Personal information
- Born: 19 November 1981 (age 44) Papakura, Auckland, New Zealand
- Height: 1.66 m (5 ft 5+1⁄2 in)
- Weight: 48 kg (106 lb)

Sport
- Country: New Zealand
- Sport: Athletics
- Event: Marathon
- Club: New Balance
- Coached by: Ray Treacy

= Kim Smith (runner) =

New Zealand runner (born 1981)

Kimberley Smith (born 19 November 1981) is a New Zealand middle-distance and long-distance runner who retired in 2016.

== Life ==
She is a 2005 graduate of Providence College (previously at Auckland's King's College. She first started running with Papakura Harriers. Smith won the 2004 NCAA Women's Individual Cross Country Championship. She won three NCAA individual titles in indoor track (5,000 metres and 3,000 metres) and outdoor track (5,000 metres) during the 2003–04 season. Her four NCAA individual championships are the most by any runner in Providence College history. In 2004, she won the Honda Sports Award as the nation's best female collegiate track and field athlete, then in 2005 won the Honda Sports Award as the nation's best female collegiate cross country runner.

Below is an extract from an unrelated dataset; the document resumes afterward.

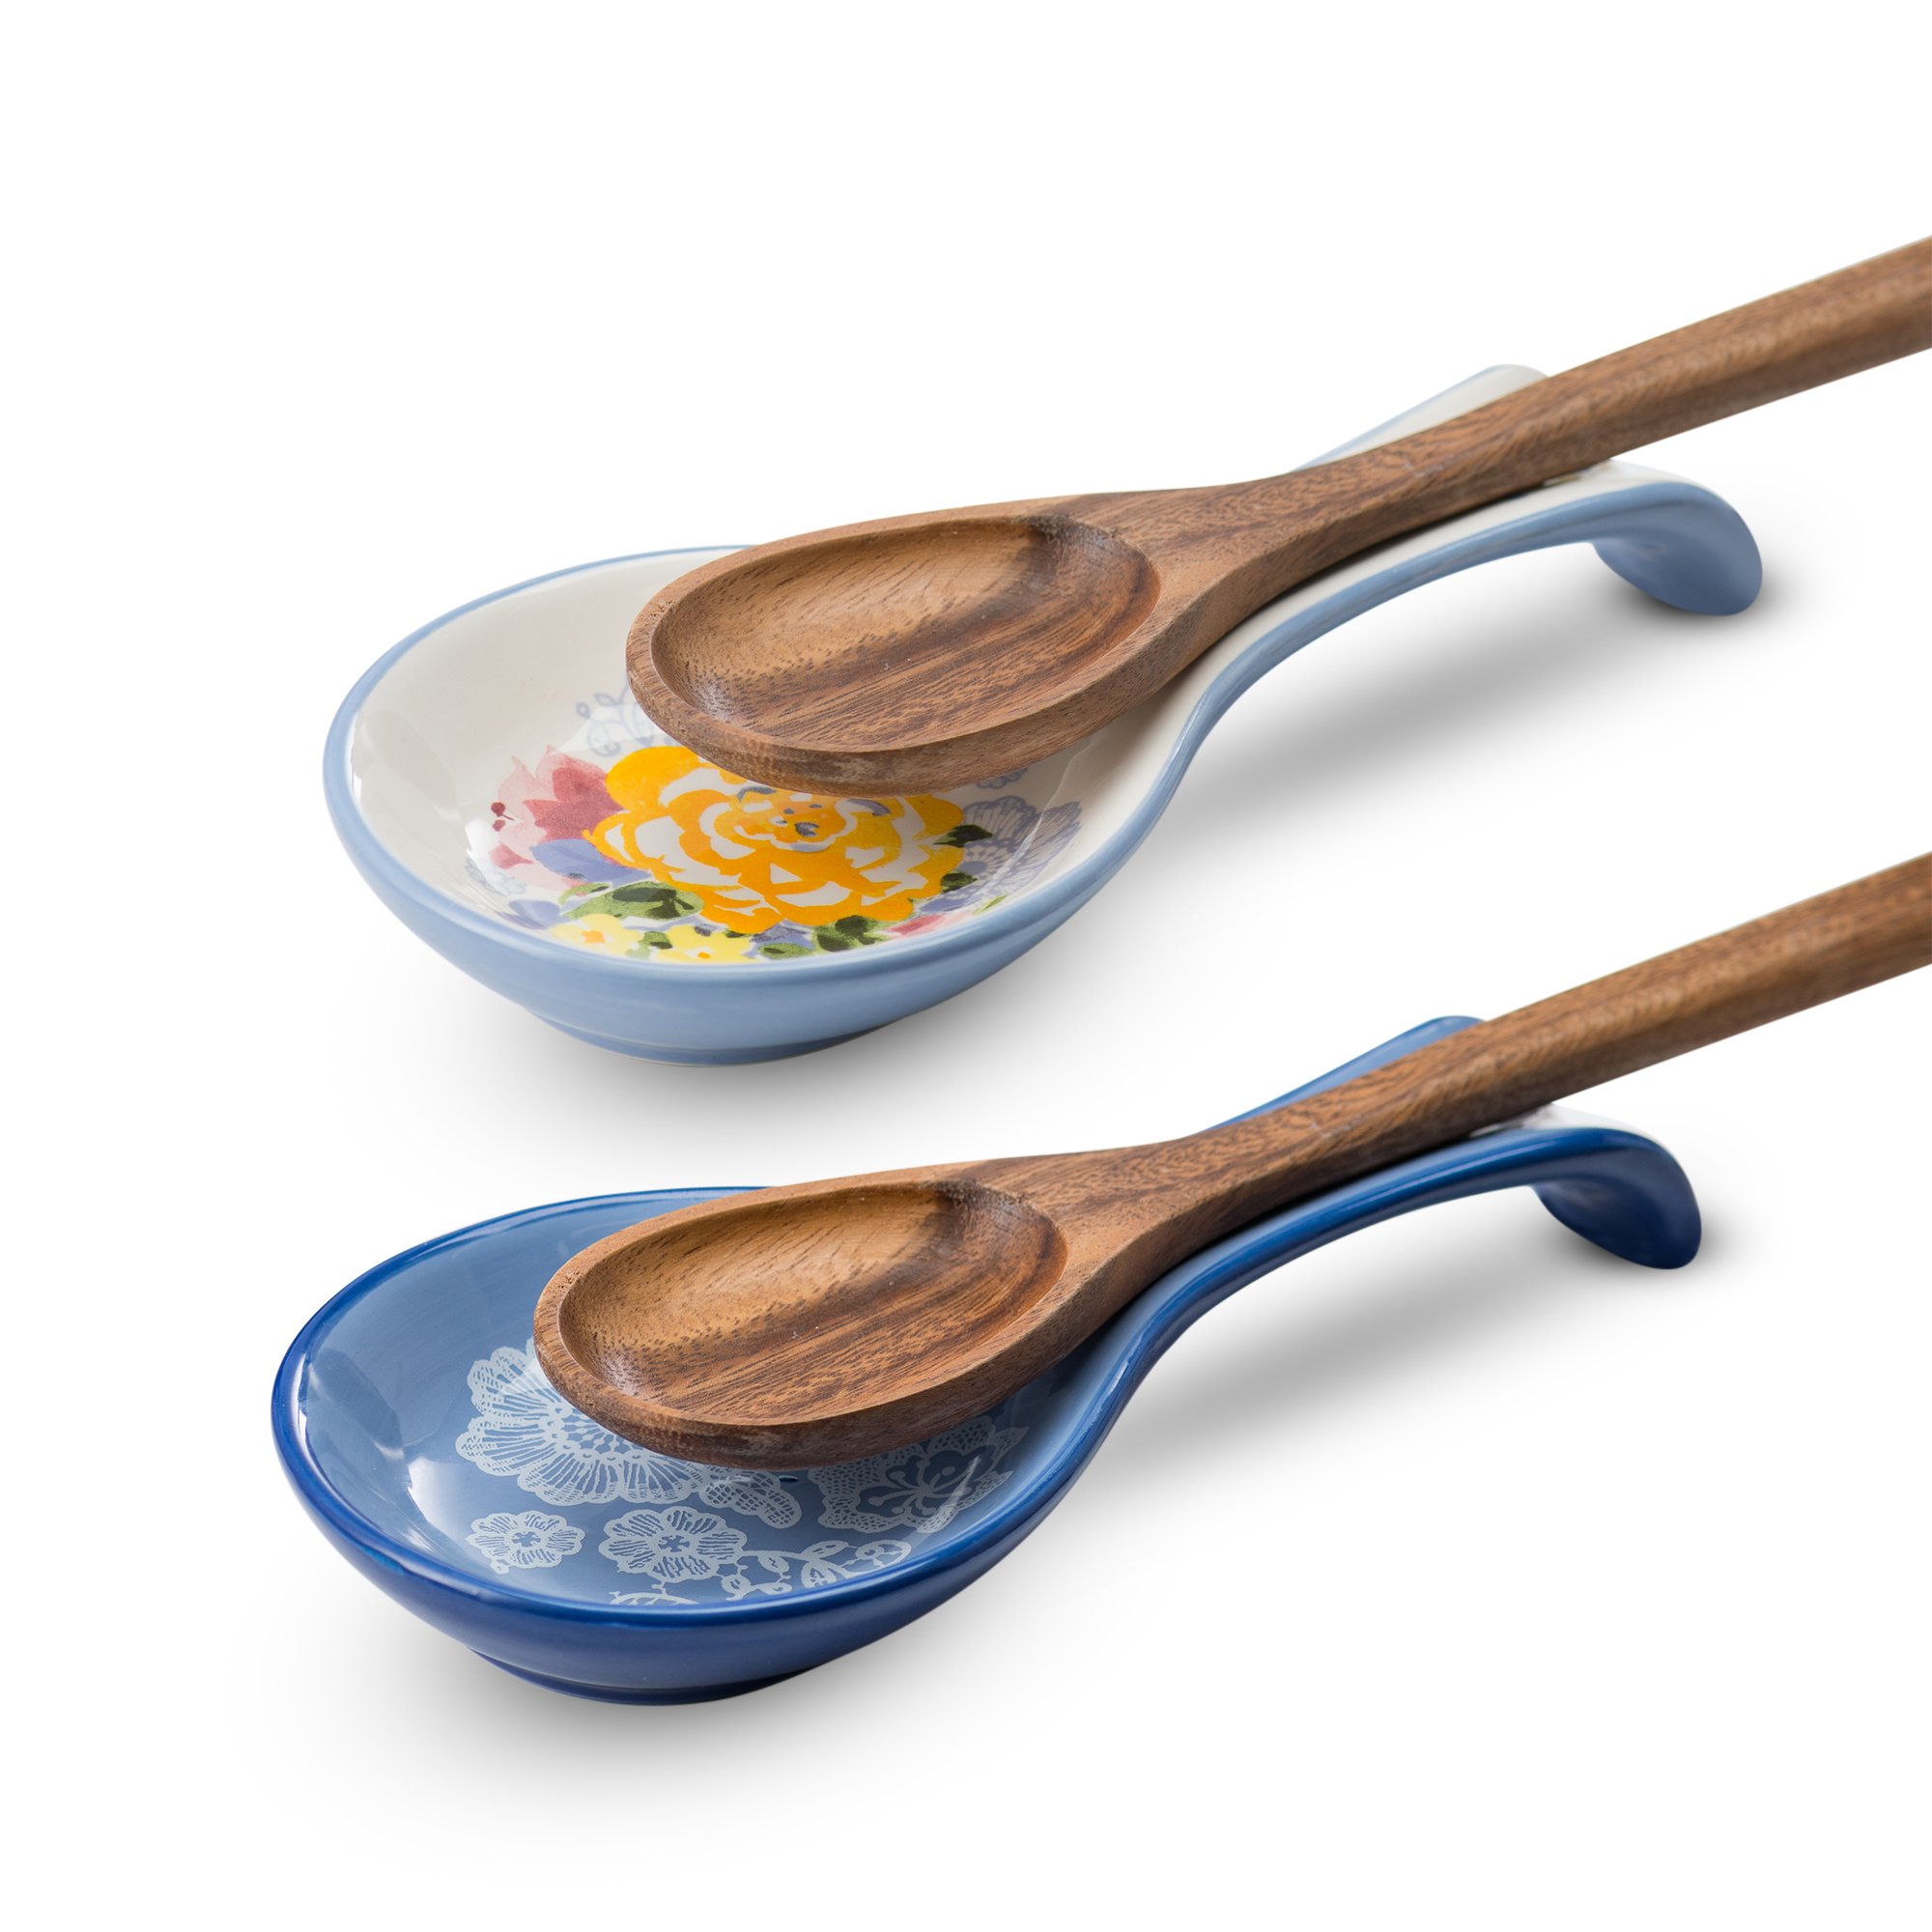 Spoon Rest, Ceramic Make, by Kook Spatula, Ladle, Utensil Holder, Dishwasher Safe for Stove Top, for Home and Coffee Bar Accessories, Set of 2 (Floral)

She set a national record in the marathon with a run at the 2010 London Marathon—she finished eighth in the women's race and recorded a time of 2:25:21. Her result was upgraded to sixth after Russian athletes Liliya Shobukhova and Inga Abitova were removed from the results for doping. She ran the fastest half marathon by a woman on United States soil when she won the 2011 Rock 'n’ Roll Mardi Gras Half Marathon in 1:07:36. Smith was leading the women's field of the 2011 Boston Marathon by 50 seconds at the halfway point, but injured her leg at mile 15 and was forced to drop from the race with roughly seven miles remaining. She ran at the inaugural B.A.A. 10K in June and came second behind the Boston Marathon winner Caroline Kilel. Smith established herself as the seventh-fastest runner ever at the Rock 'n' Roll Philadelphia Half Marathon, where she improved upon Meseret Defar's course record with a time of 1:07:11. She entered the 2011 New York City Marathon two months later and finished in fifth place with a time of 2:25:46. She finished 6th in Yokohama Marathon on 18 November 2012 in 2:27

At the 2012 New York City Half Marathon she was leading alongside Firehiwot Dado before finally finishing second behind the Ethiopian. She ran a course record at the Boston 10K, beating reigning champion Kilel with a run of 31:36 minutes. She placed fifteenth in the 2012 Olympic marathon in London and won the Boston Half Marathon to claim the BAA Distance Medley jackpot of $100,000. In September 2012 she married fellow runner Patrick Tarpy. They have two children.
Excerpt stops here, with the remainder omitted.